Data:
───

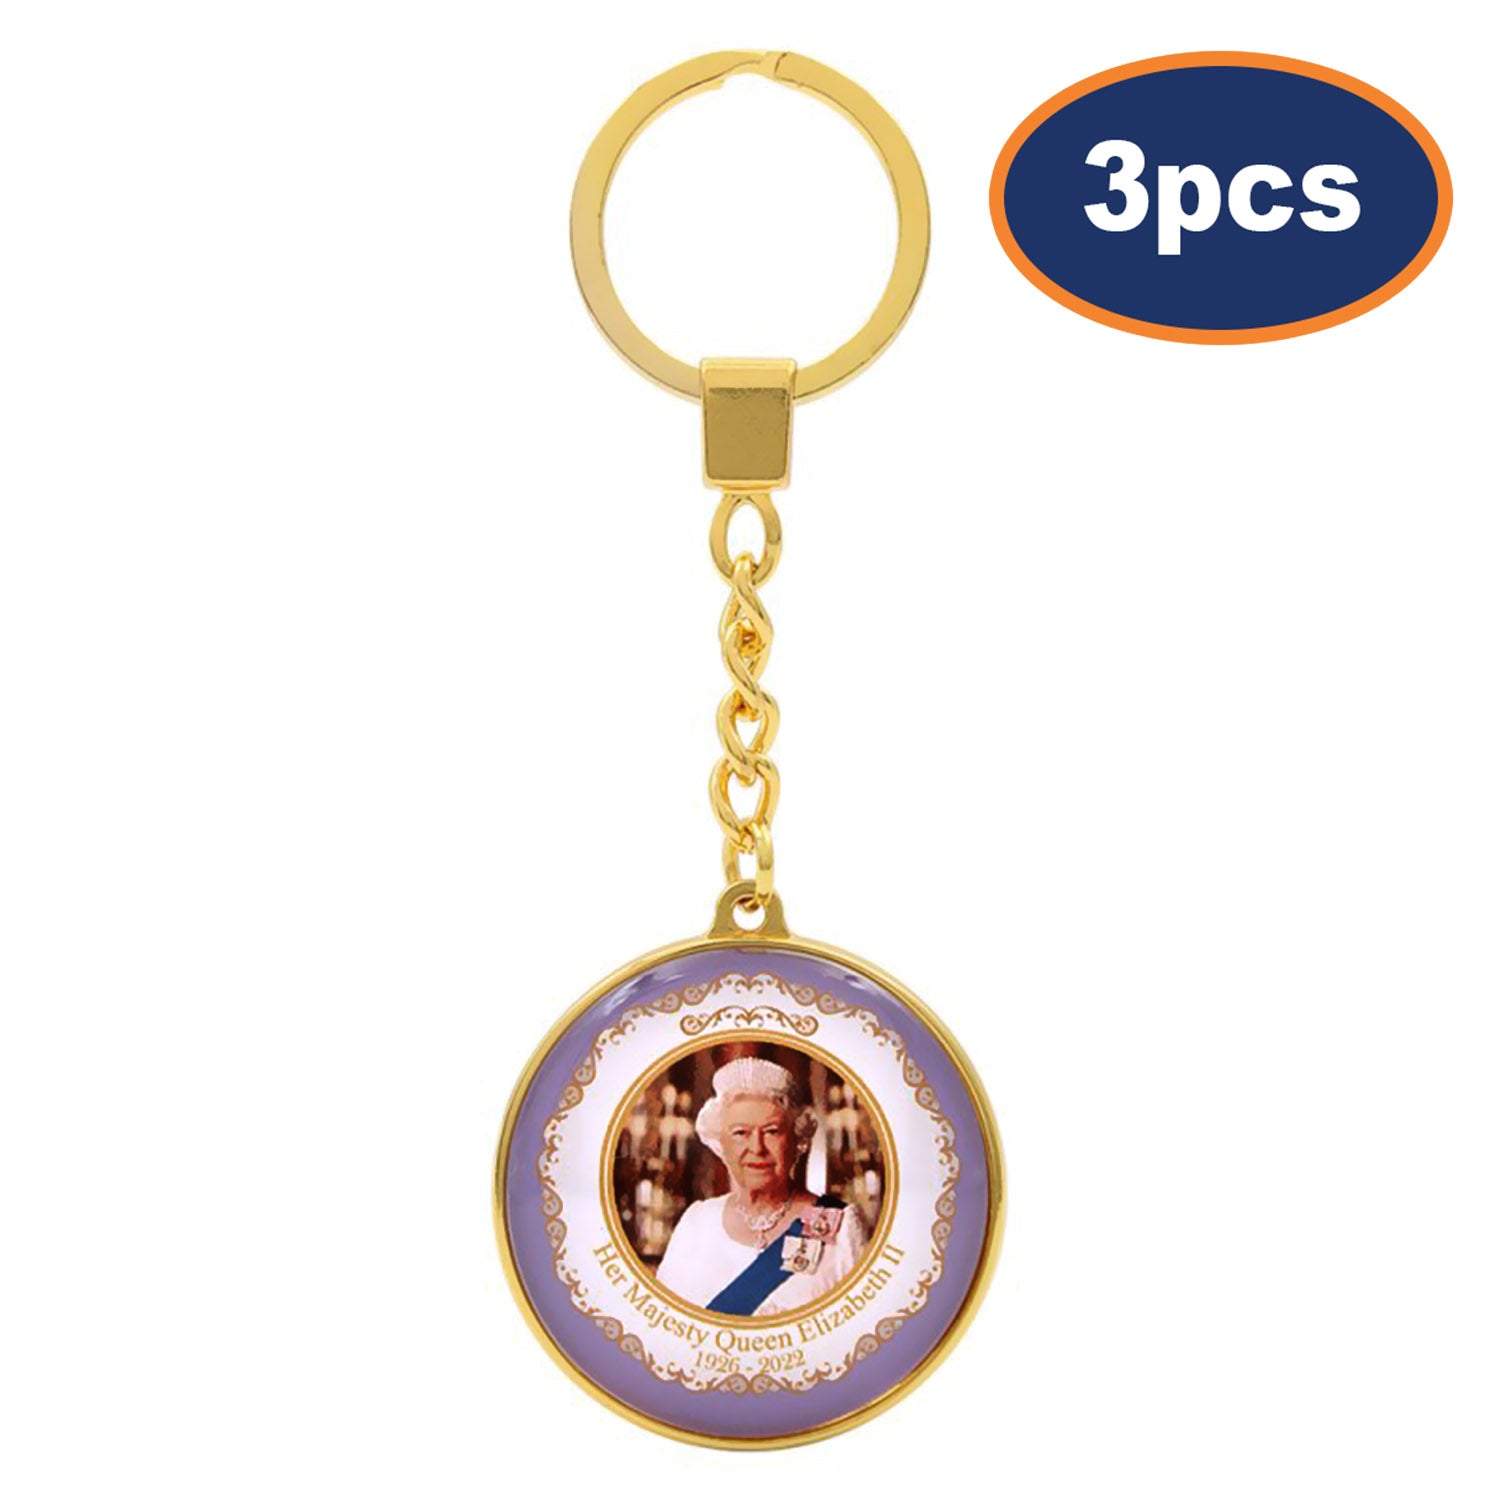 3pcs Queen Elizabeth II Gold Keyring
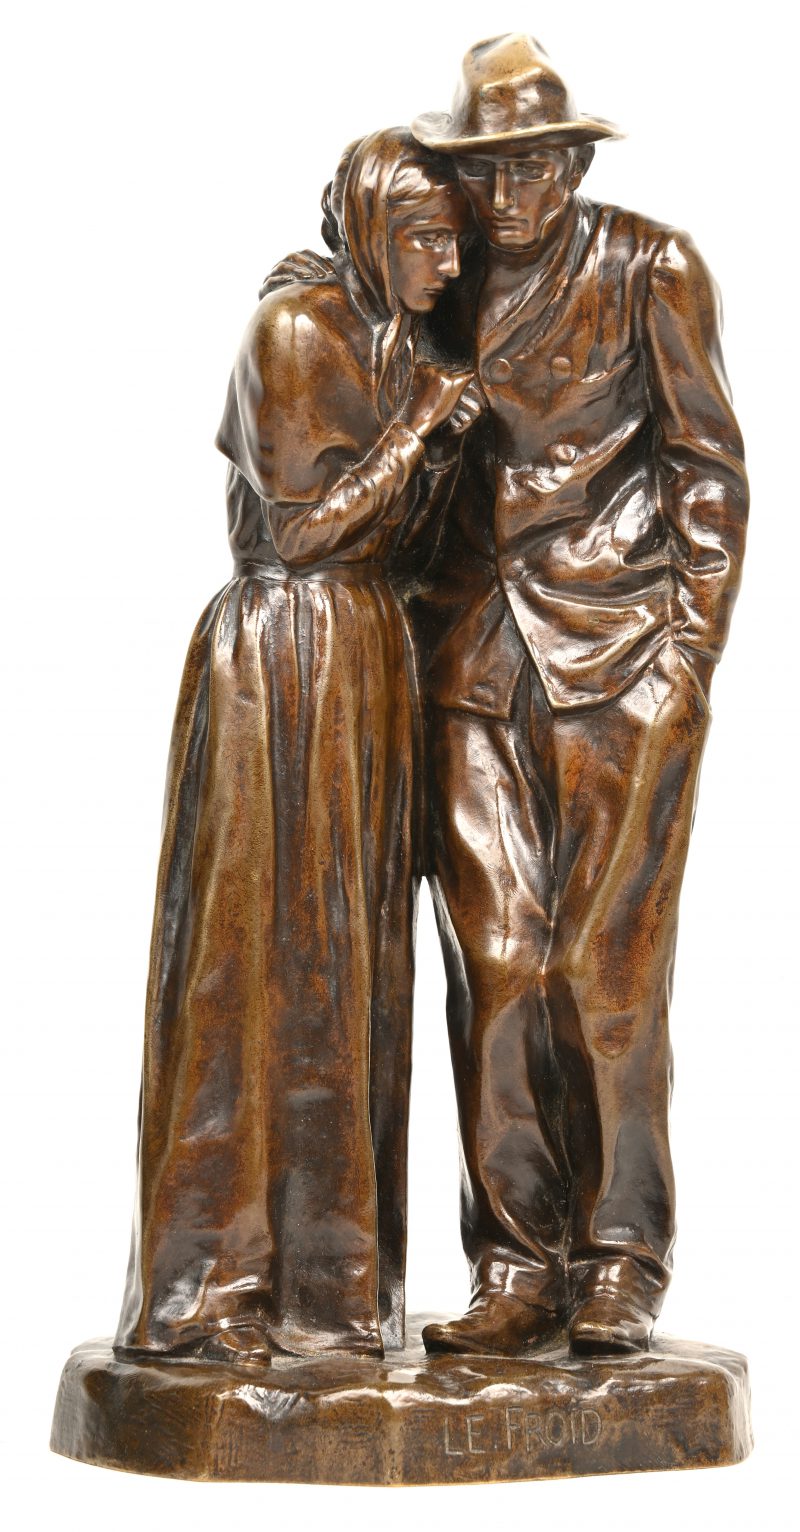 “Le Froid”, bronzen beeld van koppel in de koude, gesigneerd onderaan “P. Roger Bloche”.
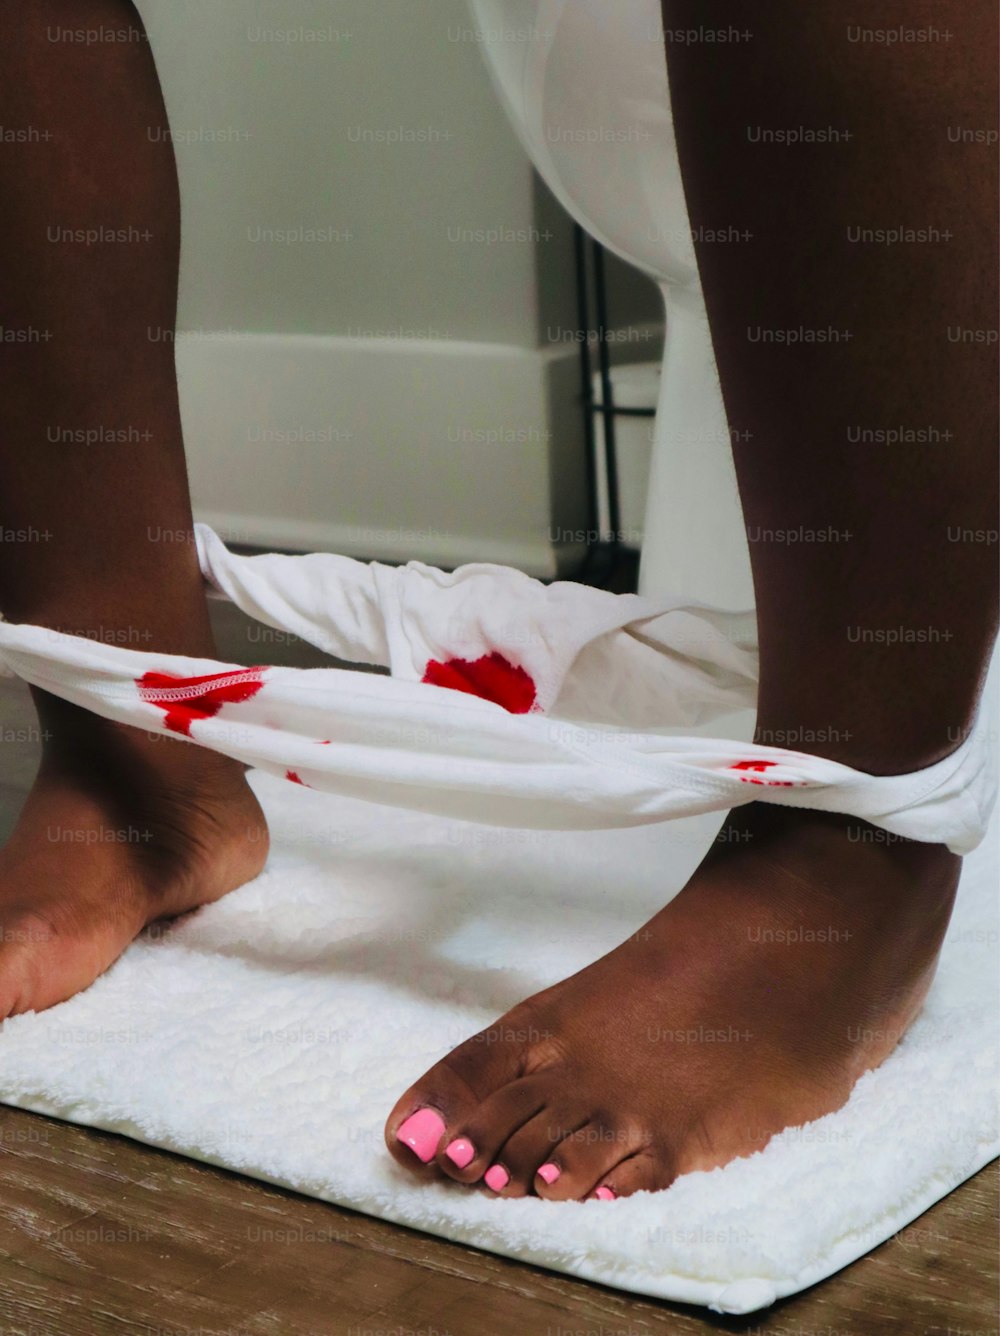 eine Person mit Blut an den Füßen auf einem Handtuch

───

Assignment:
Begin with the line that contains "bronzen beeld van" and repeat every line through the end of the data, exactly and only those lines, leaving out the pictures.

Result for this exercise:
 “Le Froid”, bronzen beeld van koppel in de koude, gesigneerd onderaan “P. Roger Bloche”.
 eine Person mit Blut an den Füßen auf einem Handtuch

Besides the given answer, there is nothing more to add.